Nucleotidyltransferase activities associated with AEP members. AEP-type primase family members possess many more activities, in addition to catalyzing primer synthesis DNA for replication. The reported additional nucleotidyltransferase activities for each of the different AEPs are depicted, including polymerase activity (either DNA-dependent DNA polymerase or DNA dependent RNA polymerase), lesion bypass, terminal transferase and strand-displacement. The observed ability of each enzyme to perform the indicated activity is noted by a tick. The blue, red, green and purple backgrounds correspond to the domain of life in which the primase family is found.

Figure 5.

Structures of AEPs bound to DNA substrates. Structural examples of AEP members bound to DNA intermediates. (A) Structure a pre-ternary catalytic conformation of a NHEJ repair polymerase (PolDom/LigD-Pol) from Mycobacterium tuberculosis bound to a ds DNA break with a 3′ overhanging terminus (PDBID: 4PKY, ice blue) with UTP and manganese cofactors, coloured cyan and pink, respectively. (B) Crystal structure of a micro-homology mediated end-joining (MMEJ) intermediate showing an NHEJ repair polymerase-mediated synapsis of a DSB (PDBID: 4MKY, ice blue and lemon). (C) Structure of the AEP domain of RepB’ bound to a ssiA DNA replication initiation site (PDBID: 3H25, lawn green).
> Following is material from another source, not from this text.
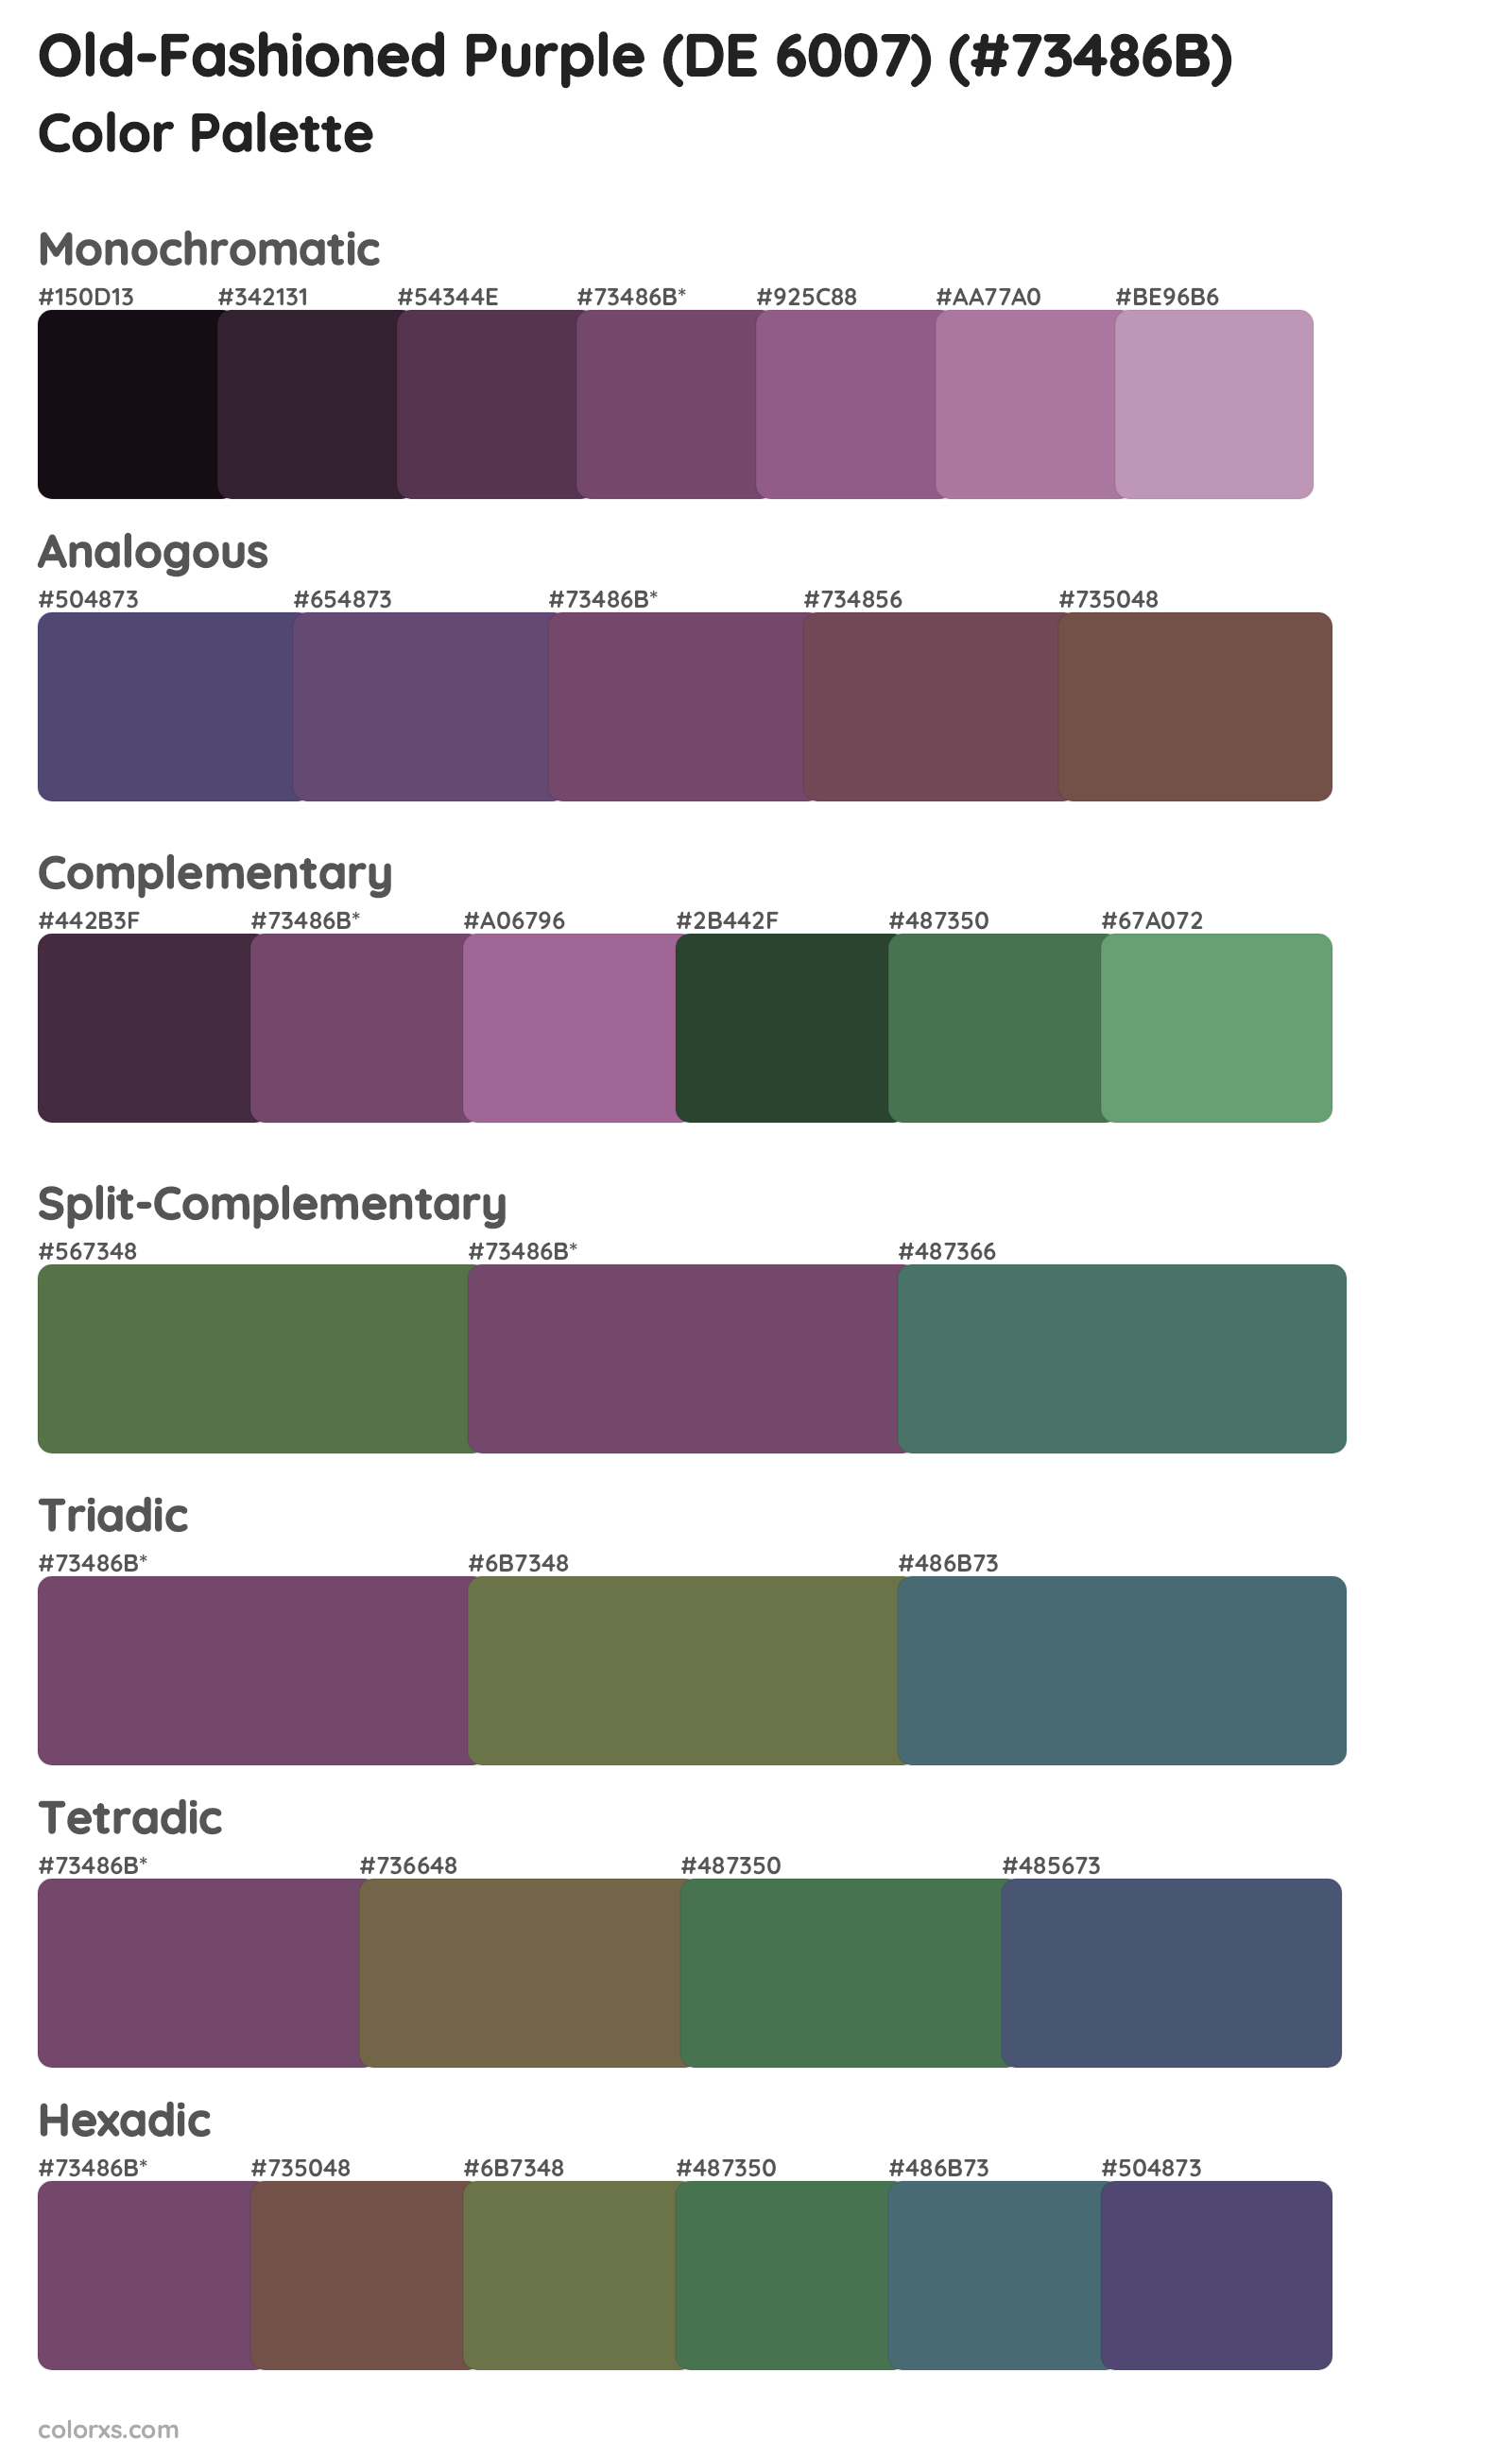 Old-Fashioned Purple (DE 6007) Color Scheme Palettes

The catalytic residues are rendered as sticks with the acidic oxygens coloured red. DNA strands are coloured red or green.

Figure 6.

Diversity of functional roles fulfilled by AEPs. AEP superfamily members are employed in many different biological roles, in addition to replicative primases. These enzymes are also utilized as primer extenders, plasmid replicases, damage-tolerance re-priming enzymes, TLS polymerases, NHEJ DNA break repair and terminal transferase polymerases.